## [What the task asks]
Images are to be dropped, and the rest of the data reproduced exactly.

## [Collected data]
>>>

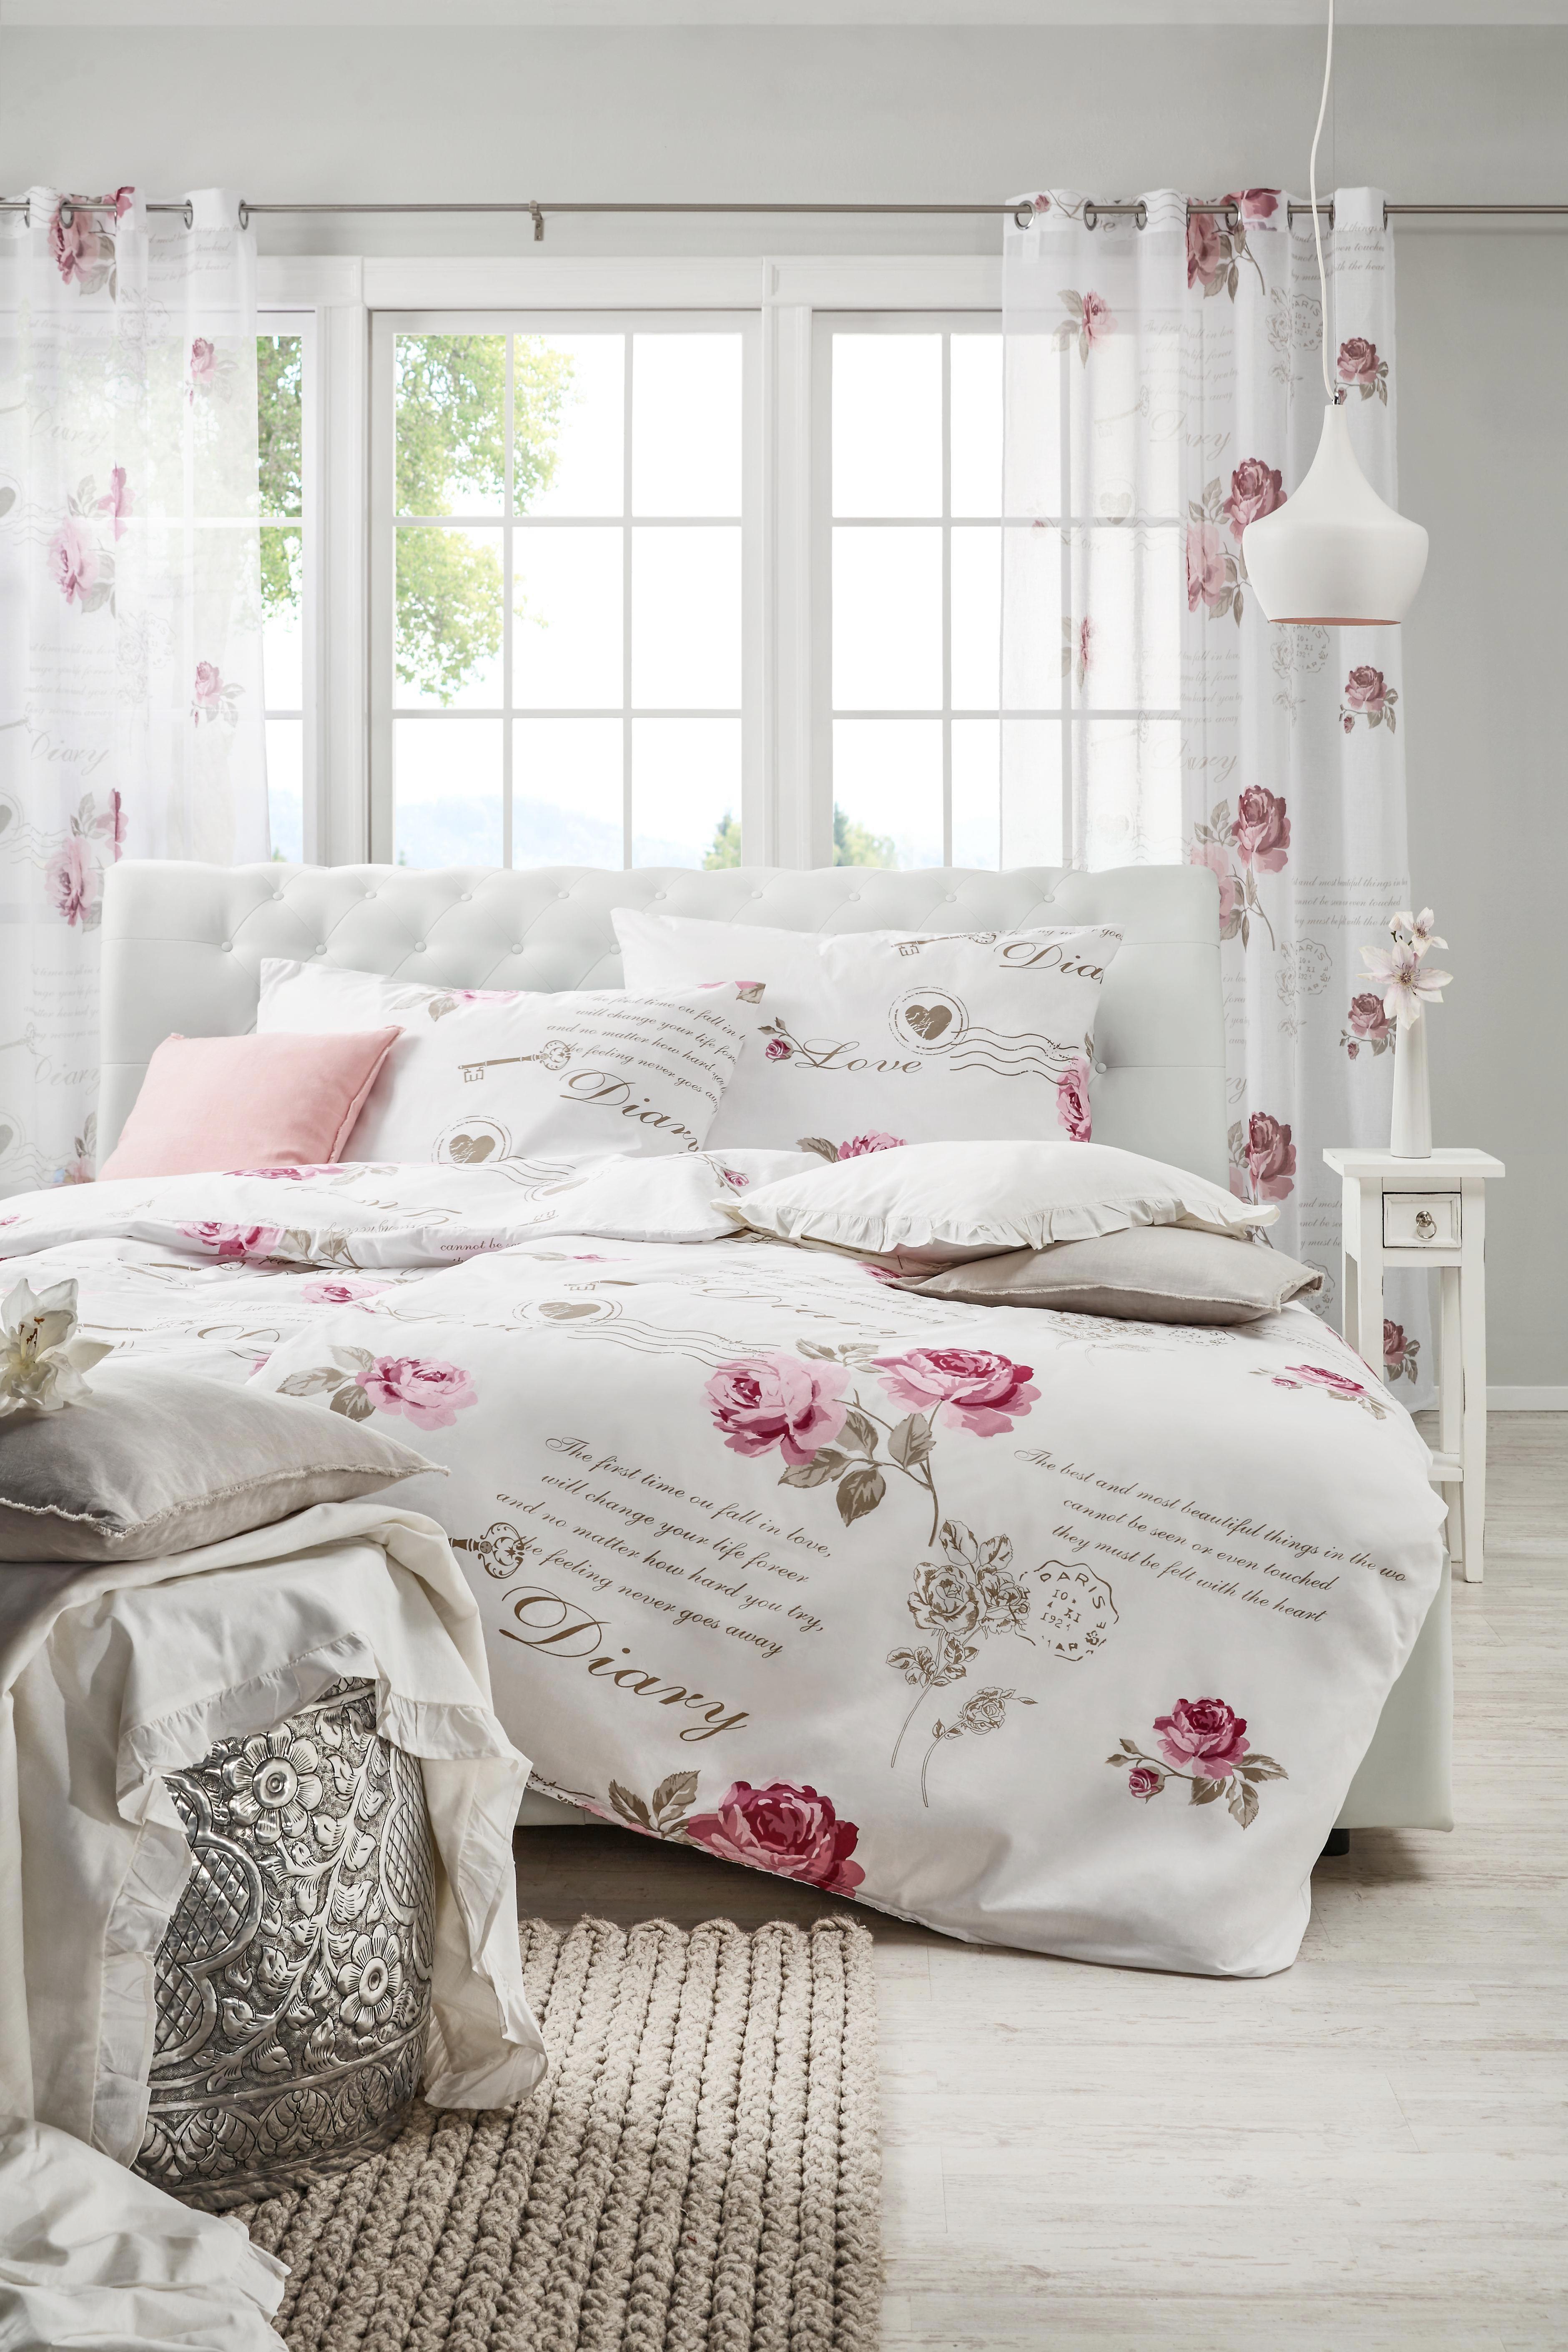 Ösenschal Dairy Rose ca. 140x245cm - Weiß, ROMANTIK / LANDHAUS, Textil (140/245cm) - MÖMAX modern living
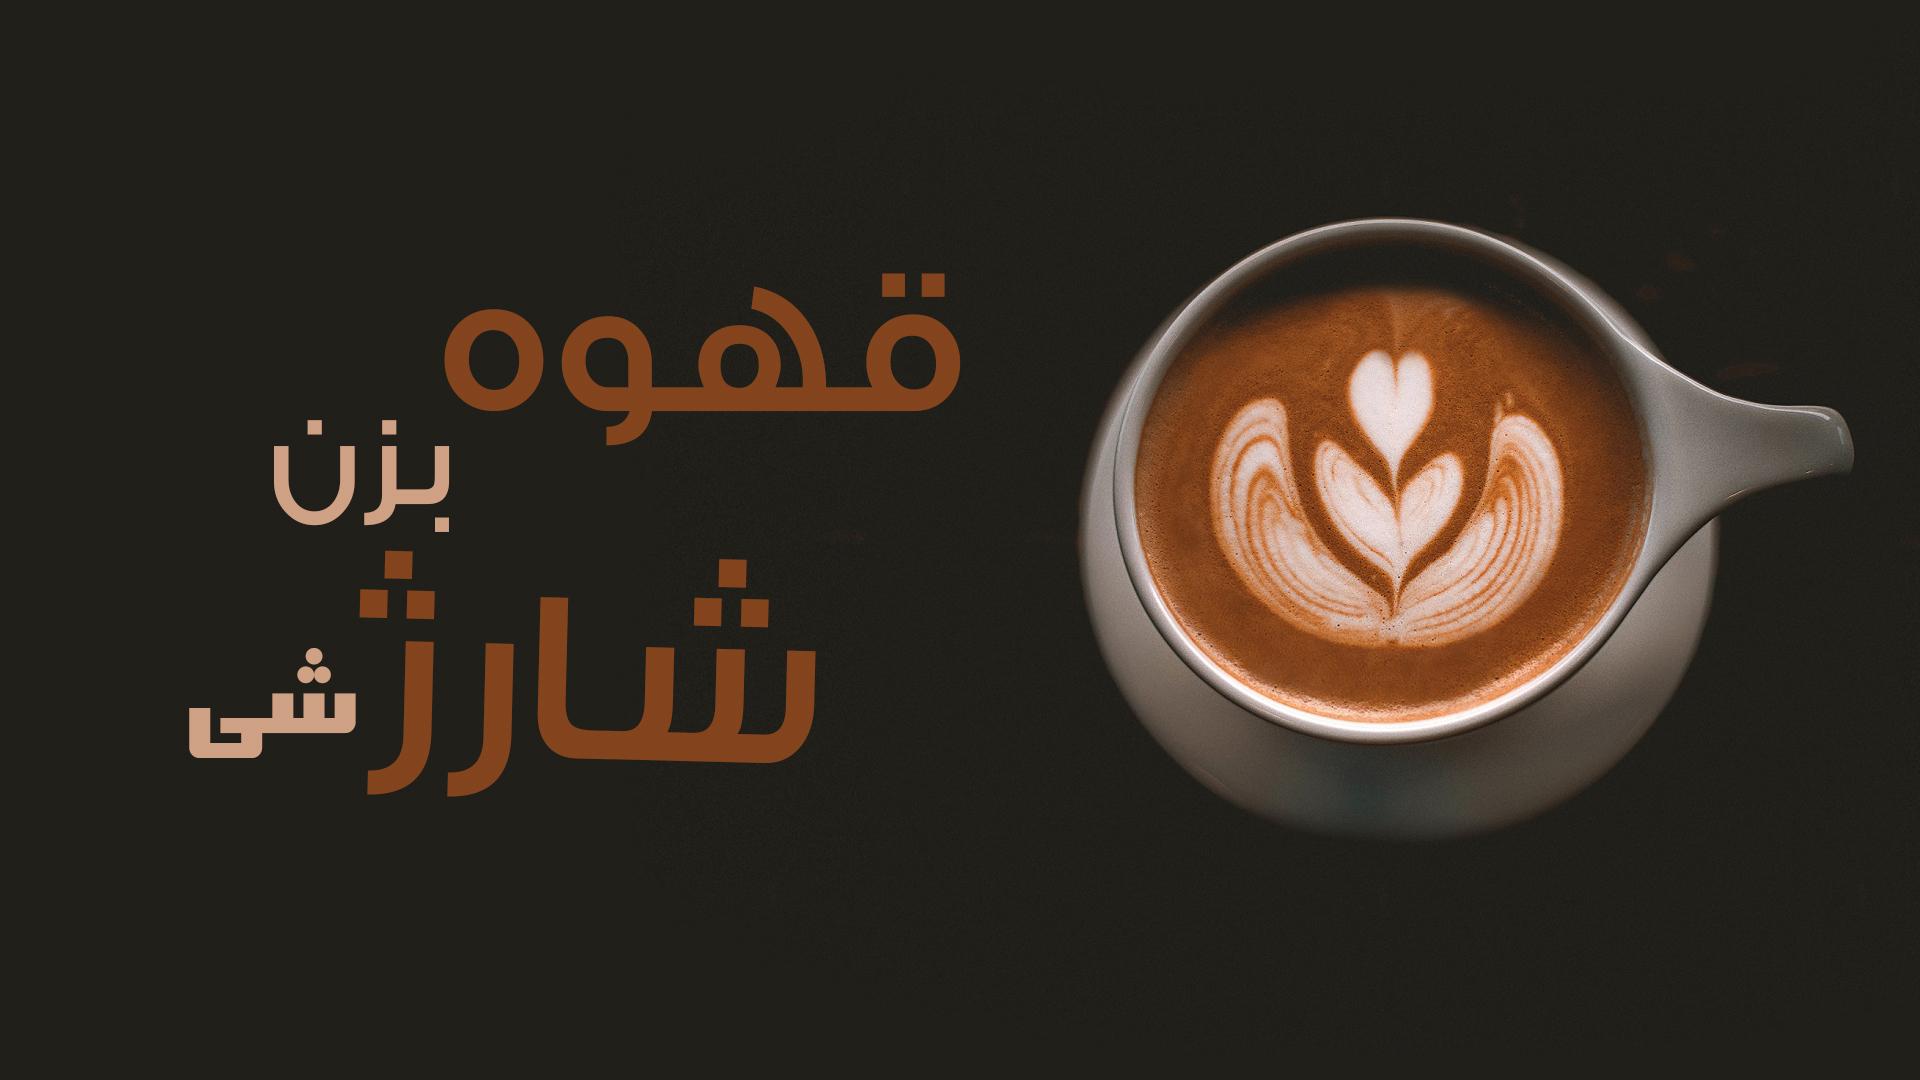 قهوه بزن شارژ شی!
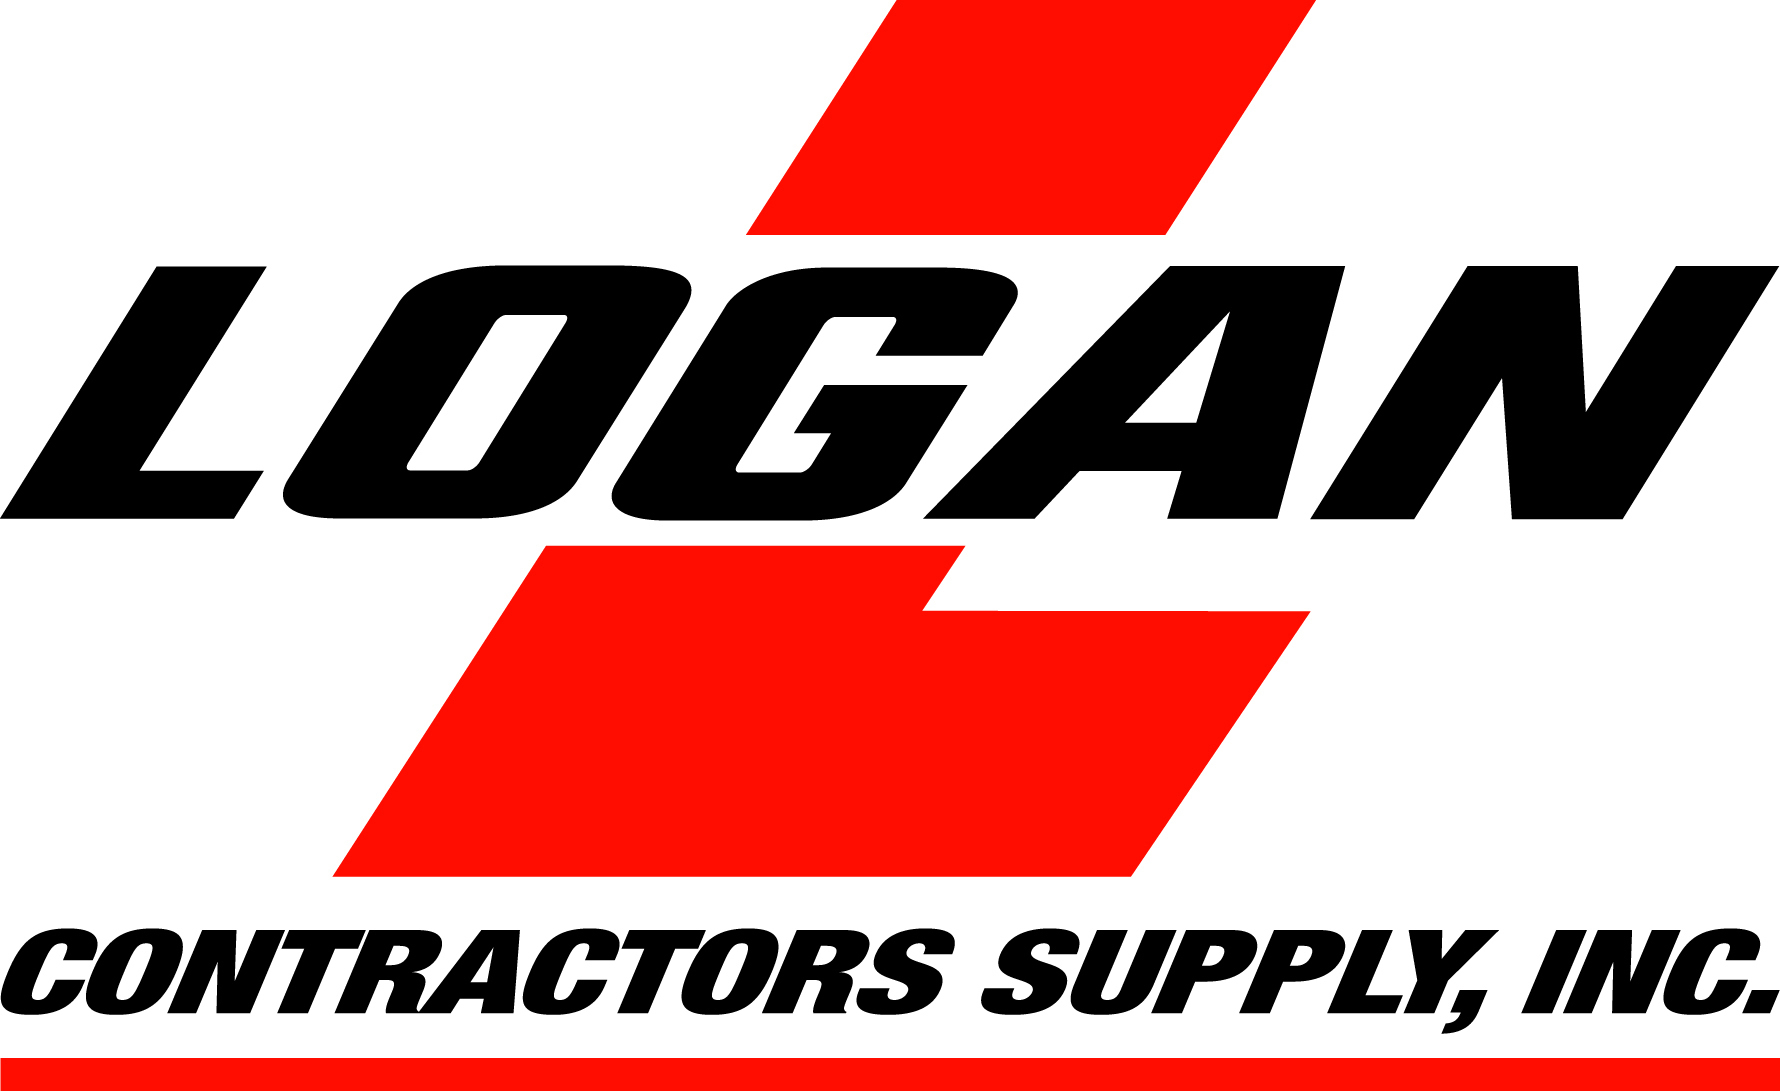 Logan Contractors Supply logo

<<<

## [Finished exercise]
 Ösenschal Dairy Rose ca. 140x245cm - Weiß, ROMANTIK / LANDHAUS, Textil (140/245cm) - MÖMAX modern living
 قهوه بزن شارژ شی!
 Logan Contractors Supply logo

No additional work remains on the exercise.